Recently, I've been trying to make a (very) simple program with Swift that lets you connect to a server through SSH and execute some files. Unfortunately, I could not figure out how to start an SSH session completely within the Swift app. Here is some code that I have written:
var sshConnectCommand = ["-c", "spawn ssh "+sshUsername+"#"+sshHost+"; expect assword:; send "+sshPassword+"\r"]
func sshIn() {
//starting ssh session
let sshConnect = NSTask()
sshConnect.arguments = [testCmd]
//rerouting output through a pipe
sshConnect.standardOutput = logAppend
//launch!
sshConnect.launch();
}
As you can see, I have used NSTask to try and run the 'expect' command to enter the password and everything.

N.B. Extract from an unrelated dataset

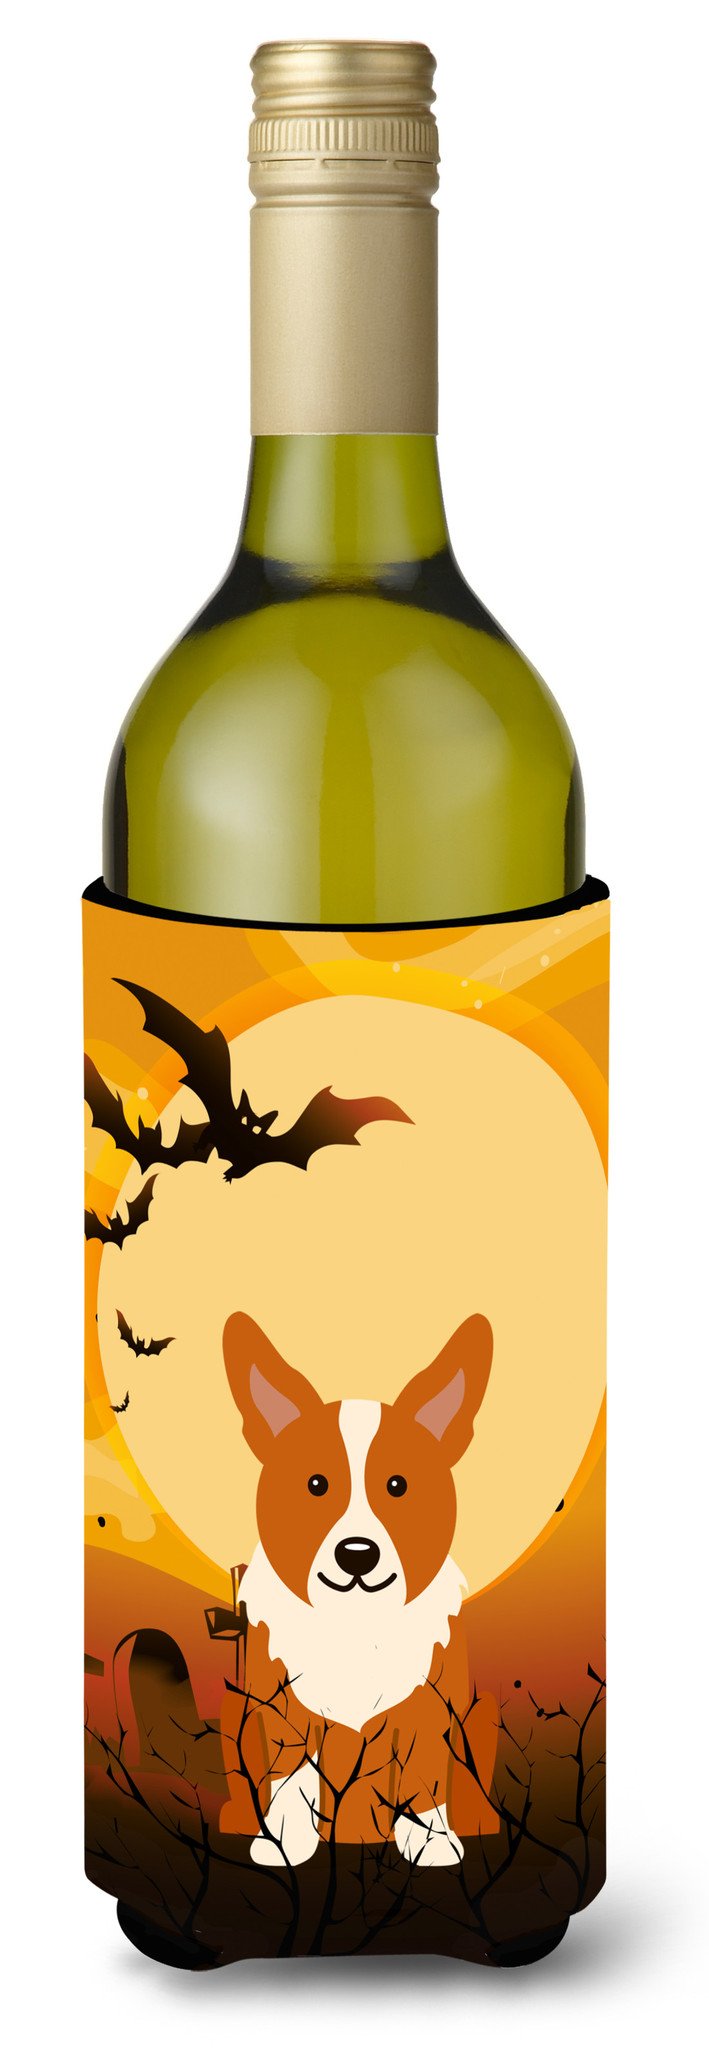 Halloween Corgi Wine Bottle Beverge Insulator Hugger BB4366LITERK by Caroline's Treasures

I would like to try and avoid using SSH-keygen as much as possible as this is intended to be used a server that the user does not have any access to.
So, to sum up:
How would you connect to SSH without SSH-keygen while remaining completely within the application code?
edit: I should also add, when trying to compile, I get this error:
[Swift._SwiftDeferredNSArray fileSystemRepresentation]: unrecognized selector sent to instance 0x600000032500. I'm not sure what this means.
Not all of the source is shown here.